TASK GOAL → Before printing the listing, strip out its pictures and keep everything else exact.

STORED DATA →
......
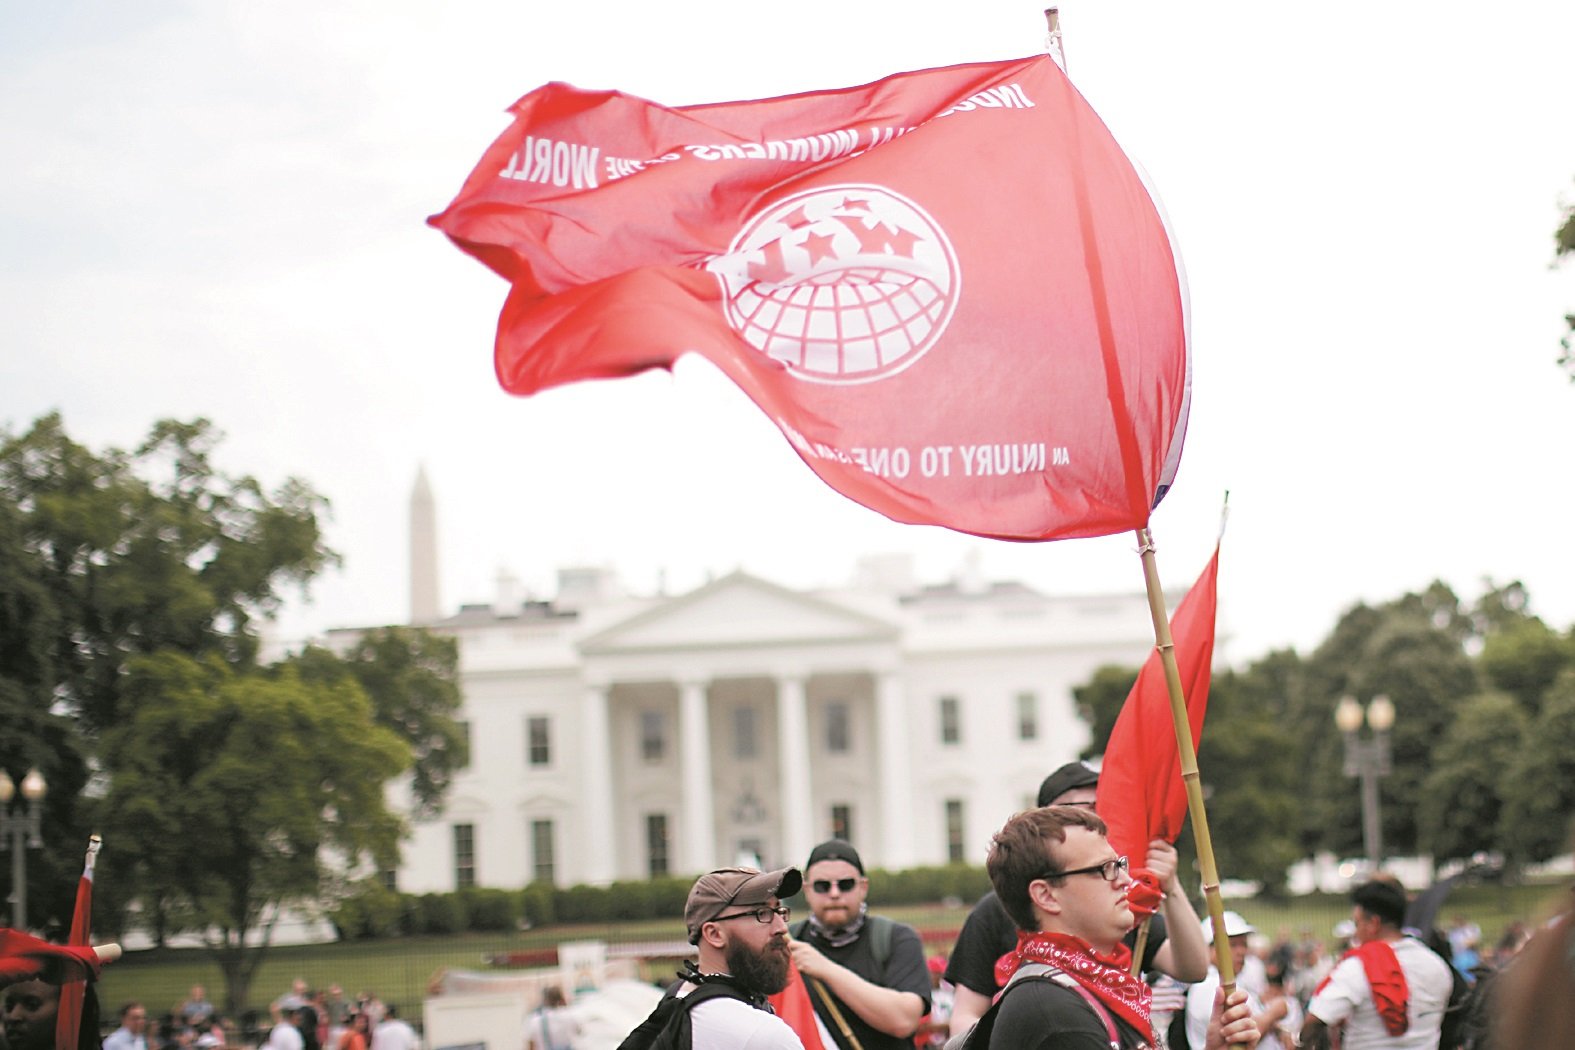 【美国】华盛顿的示威者，在白宫前的拉法叶公园集会，高举美国革命工会的旗帜，旗上写有“伤害一人就是伤害大家”的口号。
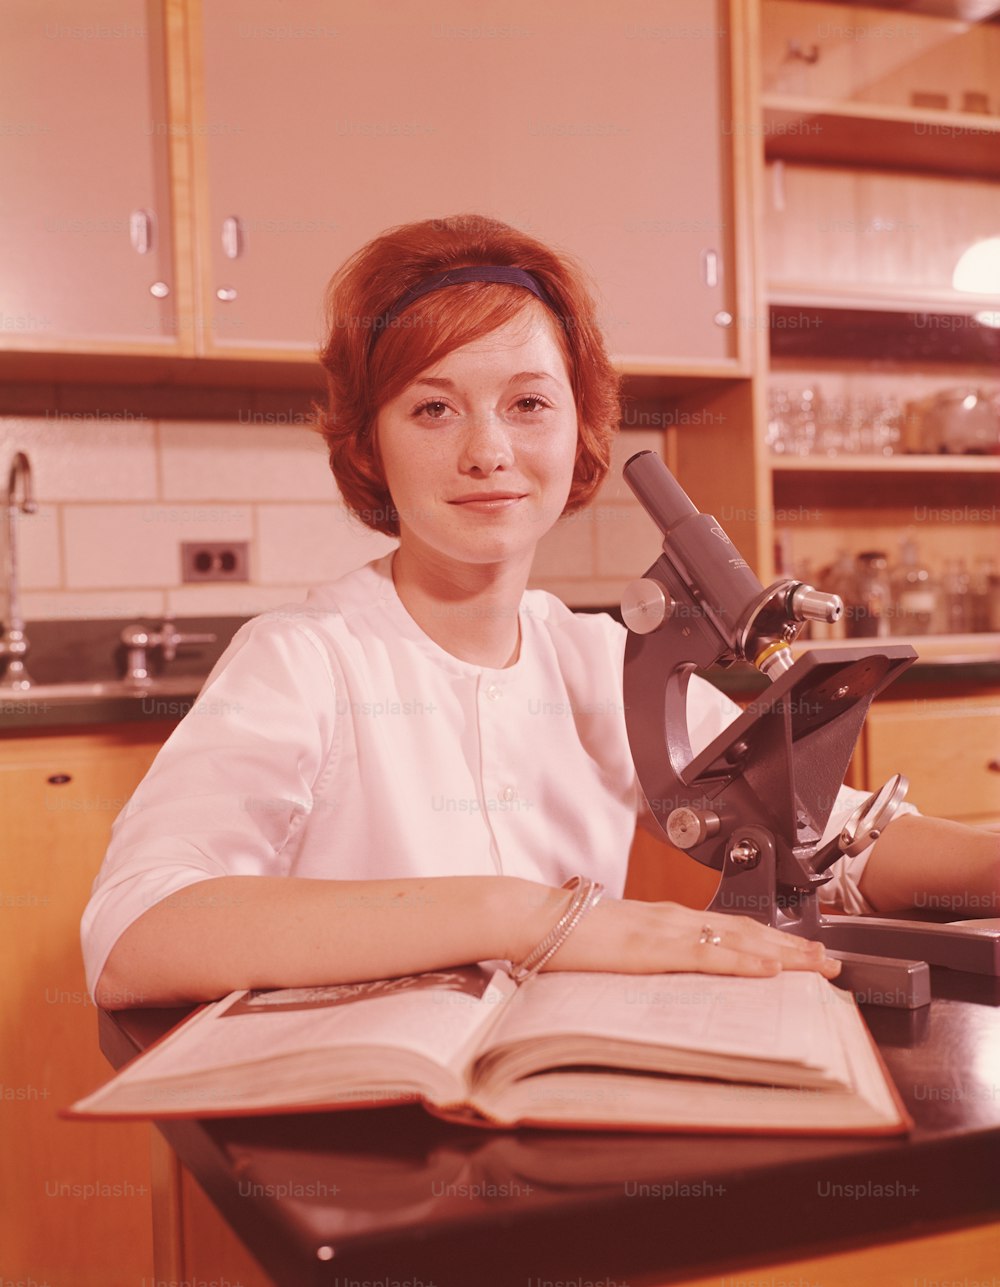 ESTADOS UNIDOS - CIRCA 1960s: Estudiante adolescente sentada junto al microscopio y libro de texto abierto, sonriendo, retrato.
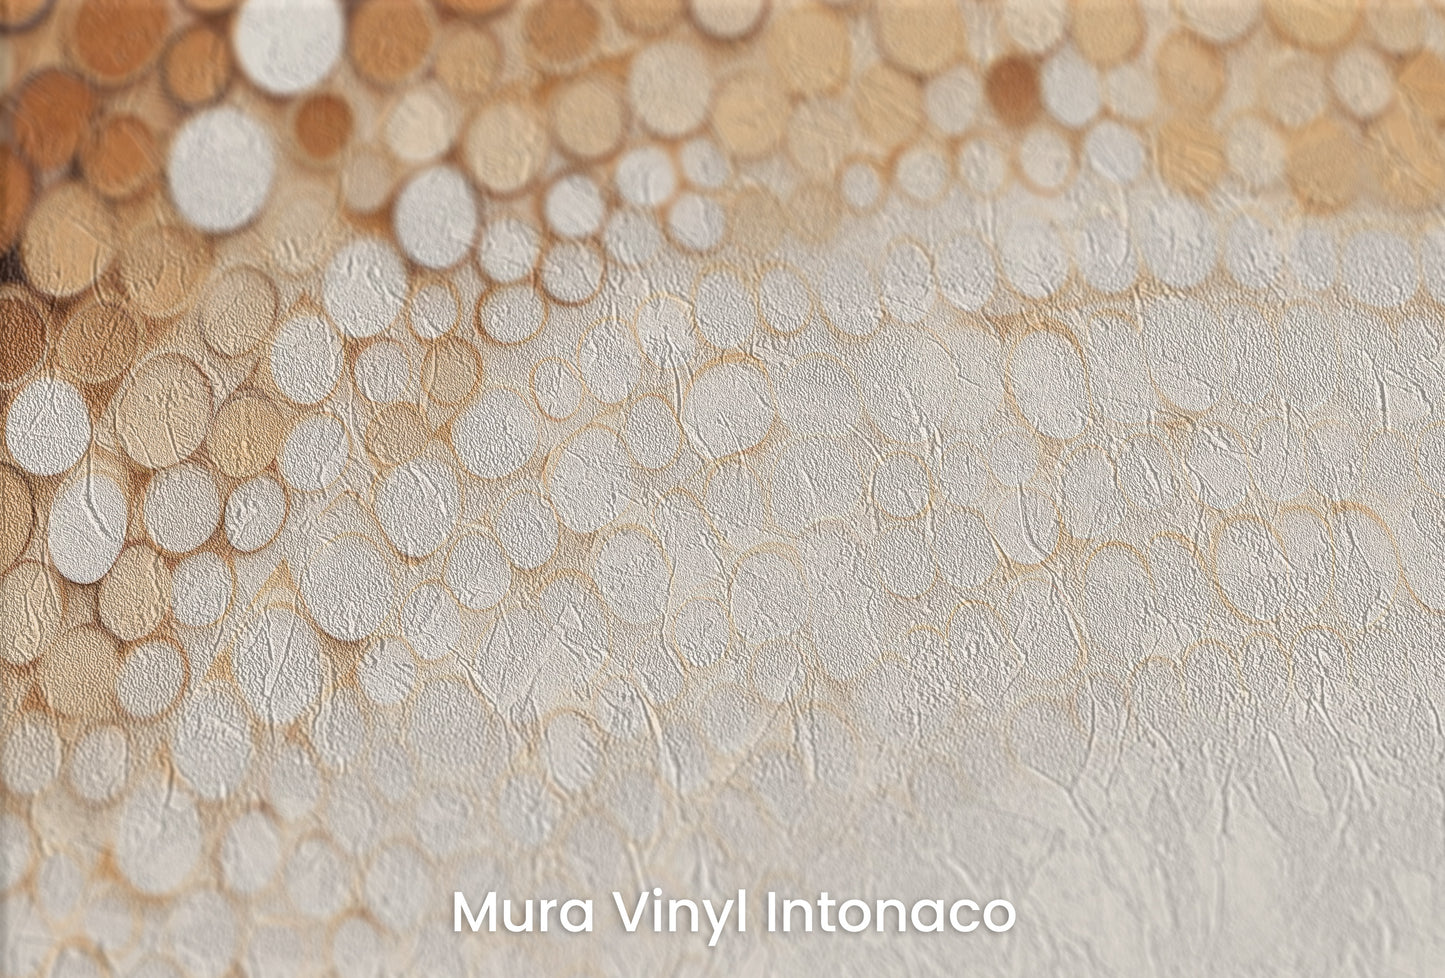 Zbliżenie na artystyczną fototapetę o nazwie RUSTIC COFFEE TONES CASCADE na podłożu Mura Vinyl Intonaco - struktura tartego tynku.
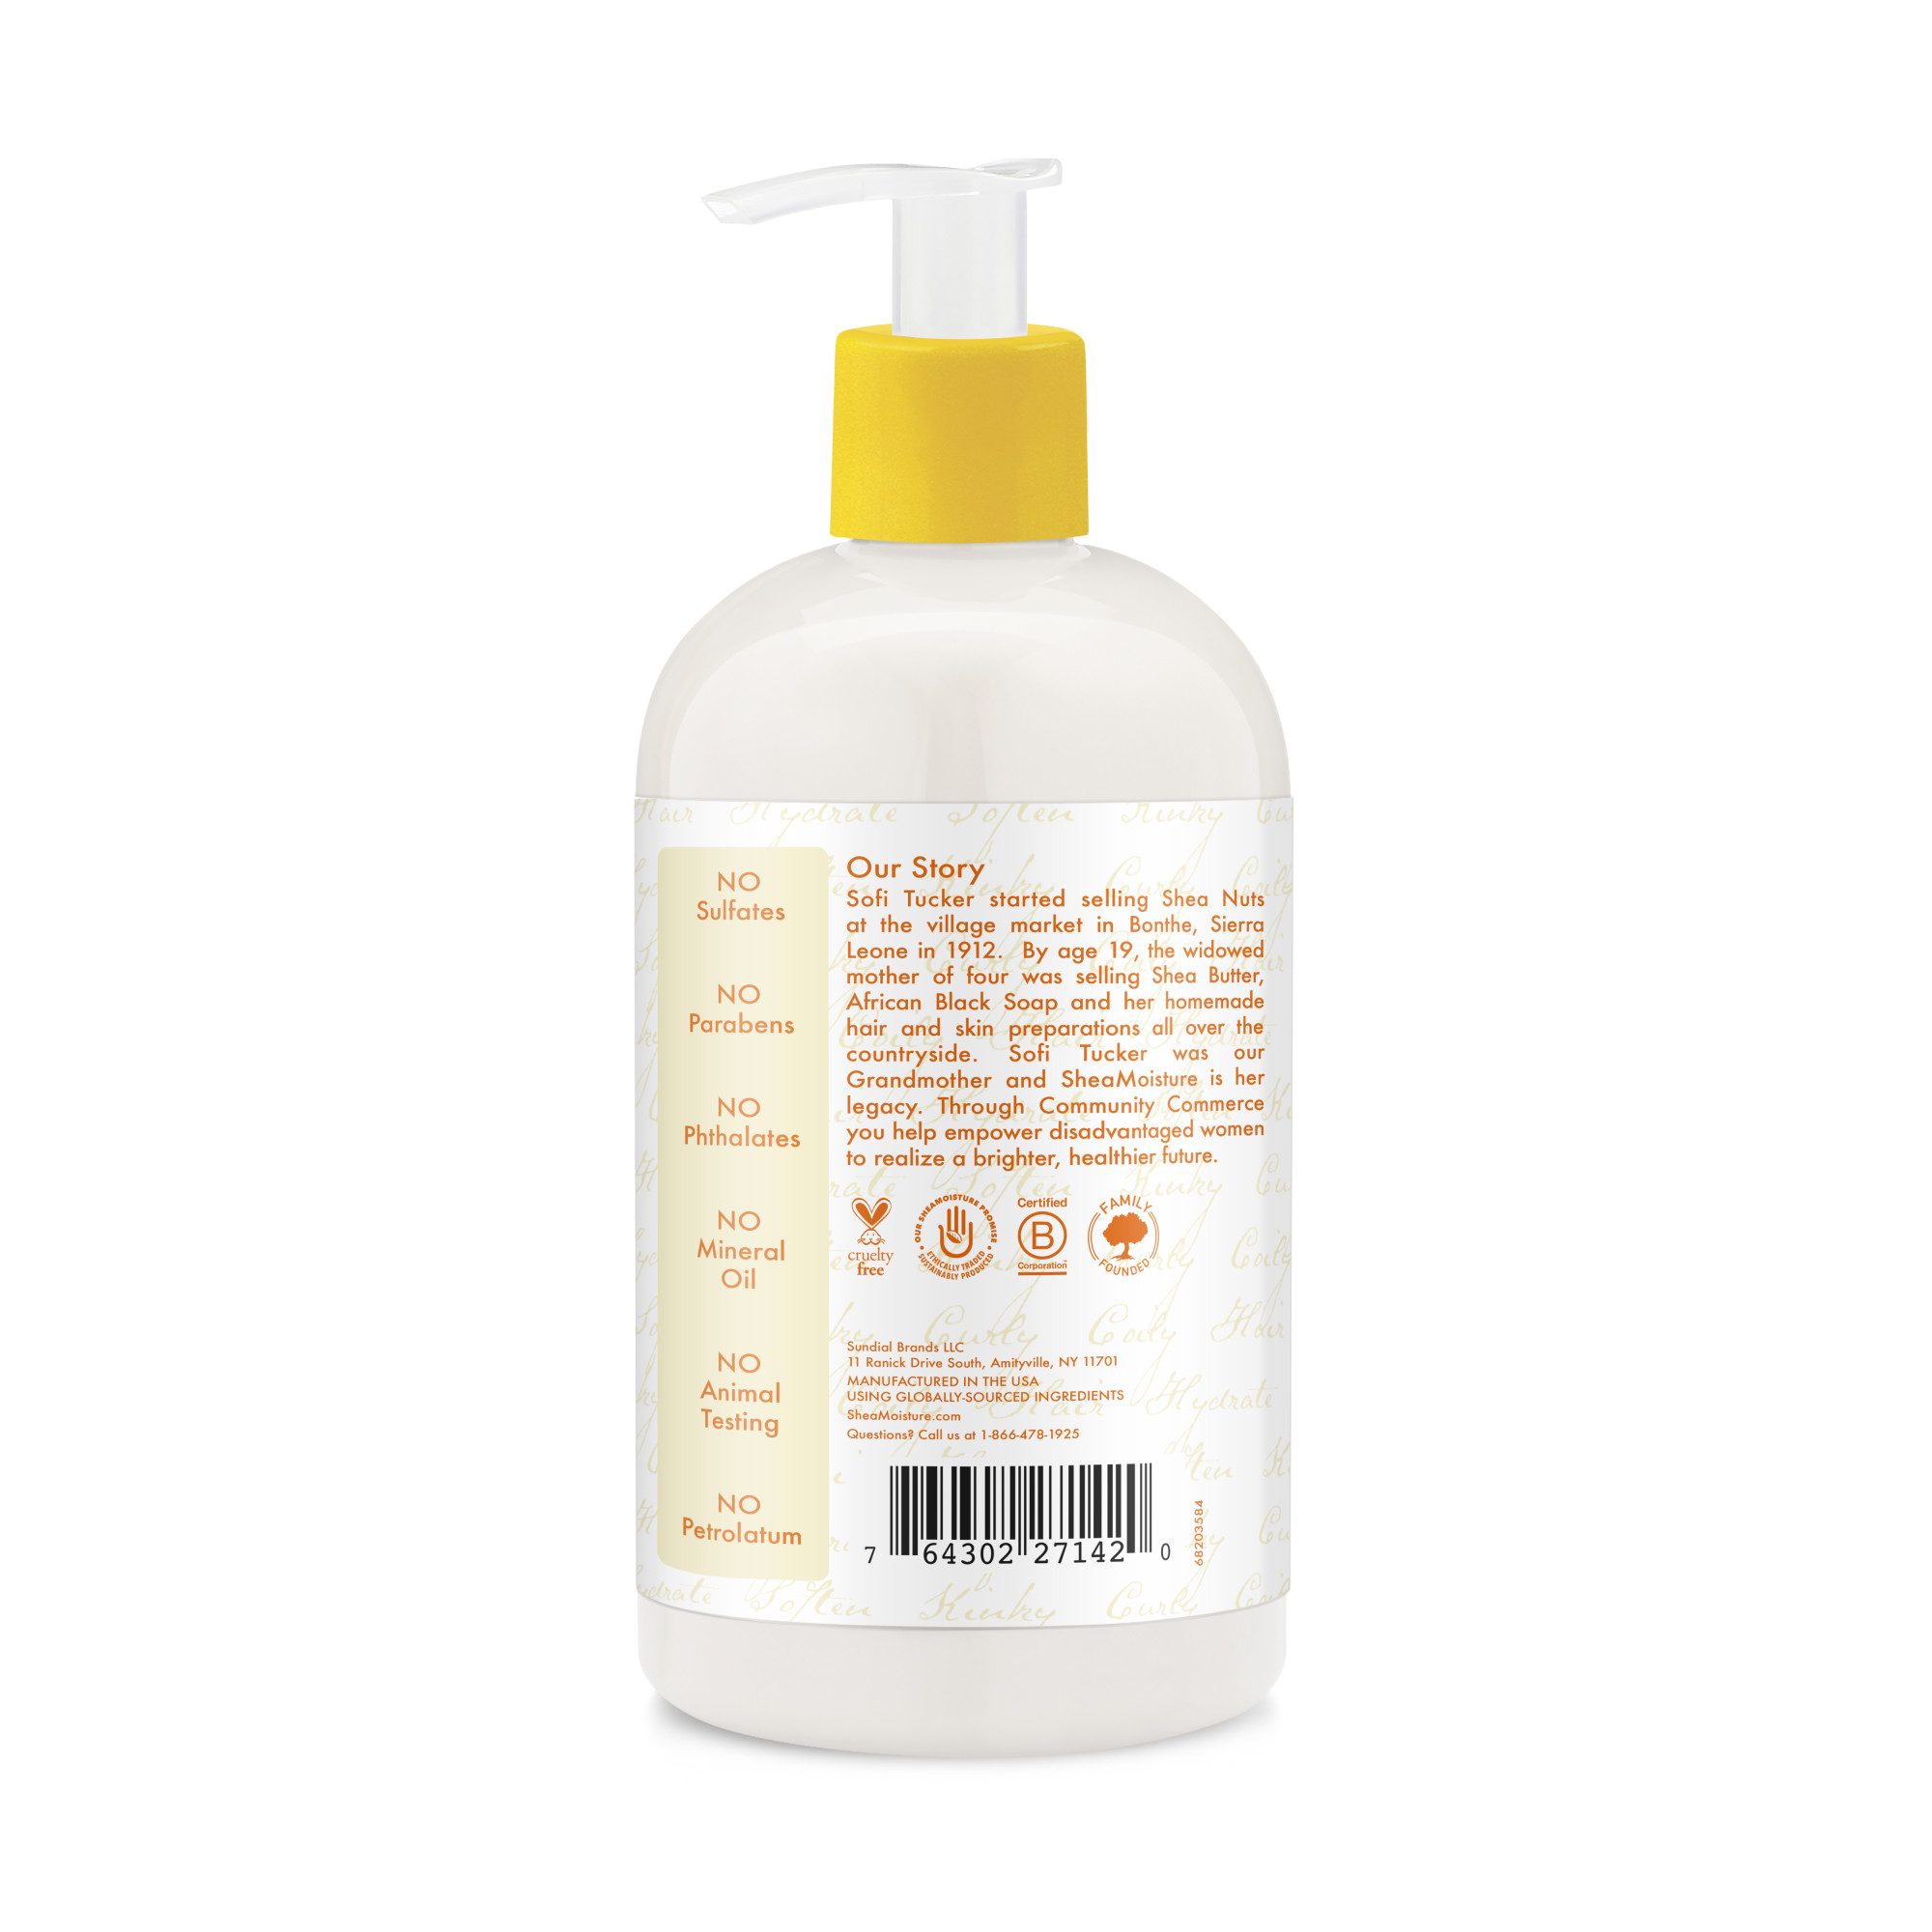 SheaMoisture Wash N' Go Shampoo Phthalate Free Shampoo to Cleanse and Detangle Curly Hair, 13 oz - image 3 of 8
......
FINAL ANSWER →
 【美国】华盛顿的示威者，在白宫前的拉法叶公园集会，高举美国革命工会的旗帜，旗上写有“伤害一人就是伤害大家”的口号。
 ESTADOS UNIDOS - CIRCA 1960s: Estudiante adolescente sentada junto al microscopio y libro de texto abierto, sonriendo, retrato.
 Zbliżenie na artystyczną fototapetę o nazwie RUSTIC COFFEE TONES CASCADE na podłożu Mura Vinyl Intonaco - struktura tartego tynku.
 SheaMoisture Wash N' Go Shampoo Phthalate Free Shampoo to Cleanse and Detangle Curly Hair, 13 oz - image 3 of 8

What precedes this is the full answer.